Hmm, LOAD_AVG_MAX * prio_to_weight[0] is 4237627662, ie barely within a
32-bit unsigned long, but in fact LOAD_AVG_MAX * MAX_SHARES is already
going to give errors on 32-bit (even with the old code in fact). This
should probably be fixed... somehow (dividing by 4 for load_sum on
32-bit would work, though be ugly. Reducing MAX_SHARES by 2 bits on
32-bit might have made sense but would be a weird difference between 32
and 64, and could break userspace anyway, so it's presumably too late
for that).

64-bit has ~30 bits free, so this would be fine so long as SLR is 0 on
32-bit.

>
> --
>
> Subject: [PATCH] sched/fair: Generalize the load/util averages resolution
>  definition
>
> The metric needs certain resolution to determine how much detail we
> can look into (or not losing detail by integer rounding), which also
> determines the range of the metrics.
>
> For instance, to increase the resolution of [0, 1] (two levels), one
> can multiply 1024 and get [0, 1024] (1025 levels).
>
> In sched/fair, a few metrics depend on the resolution: load/load_avg,
> util_avg, and capacity (frequency adjustment). In order to reduce the
> risks to make mistakes relating to resolution/range, we therefore
> generalize the resolution by defining a basic resolution constant
> number, and then formalize all metrics by depending on the basic
> resolution. The basic resolution is 1024 or (1 << 10).
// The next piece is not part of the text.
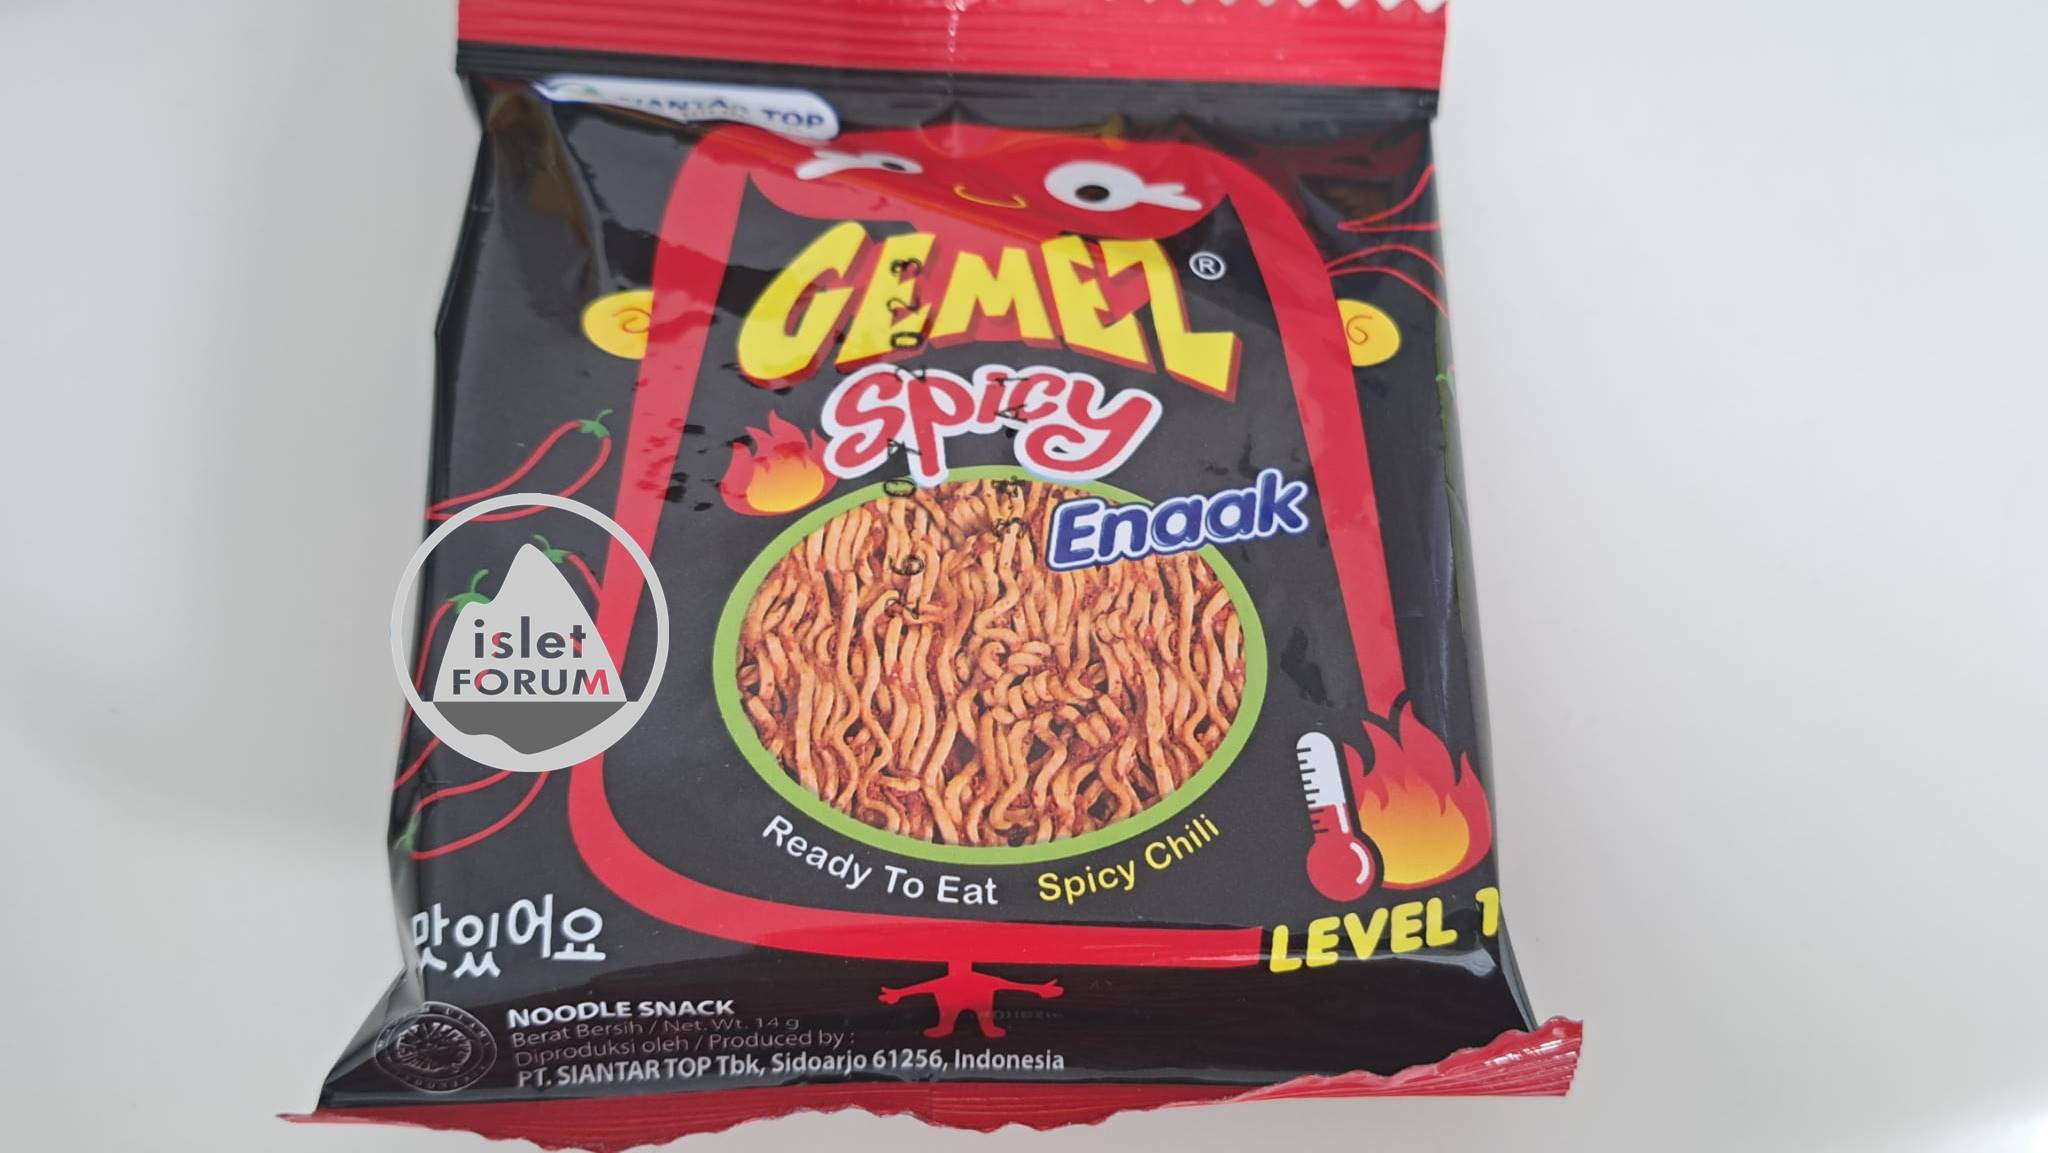 印尼Noodle Snack Gemez Spicy Enaak Ready to eat  Spicy level 1 HK＄3／包 (2).jpeg

Further, one
> can recursively apply the basic resolution to increase the final
> resolution.
>
> Pointed out by Ben Segall, NICE_0's weight (visible to user) and load
> have independent resolution, but they must be well calibrated.
>
> Signed-off-by: Yuyang Du <yuyang.du@intel.com>
> ---
>  include/linux/sched.h |  9 ++++++---
>  kernel/sched/fair.c   |  4 ----
>  kernel/sched/sched.h  | 15 ++++++++++-----
>  3 files changed, 16 insertions(+), 12 deletions(-)
>
> diff --git a/include/linux/sched.h b/include/linux/sched.h
> index bd38b3e..9b86f79 100644
> --- a/include/linux/sched.h
> +++ b/include/linux/sched.h
> @@ -909,10 +909,13 @@ enum cpu_idle_type {
>  	CPU_MAX_IDLE_TYPES
>  };
>  
> +# define SCHED_RESOLUTION_SHIFT	10
> +# define SCHED_RESOLUTION_SCALE	(1L << SCHED_RESOLUTION_SHIFT)
> +
>  /*
>   * Increase resolution of cpu_capacity calculations
>   */
> -#define SCHED_CAPACITY_SHIFT	10
> +#define SCHED_CAPACITY_SHIFT	SCHED_RESOLUTION_SHIFT
>  #define SCHED_CAPACITY_SCALE	(1L << SCHED_CAPACITY_SHIFT)
>  
>  /*
> @@ -1180,8 +1183,8 @@ struct load_weight {
>   * 1) load_avg factors frequency scaling into the amount of time that a
>   * sched_entity is runnable on a rq into its weight. For cfs_rq, it is the
>   * aggregated such weights of all runnable and blocked sched_entities.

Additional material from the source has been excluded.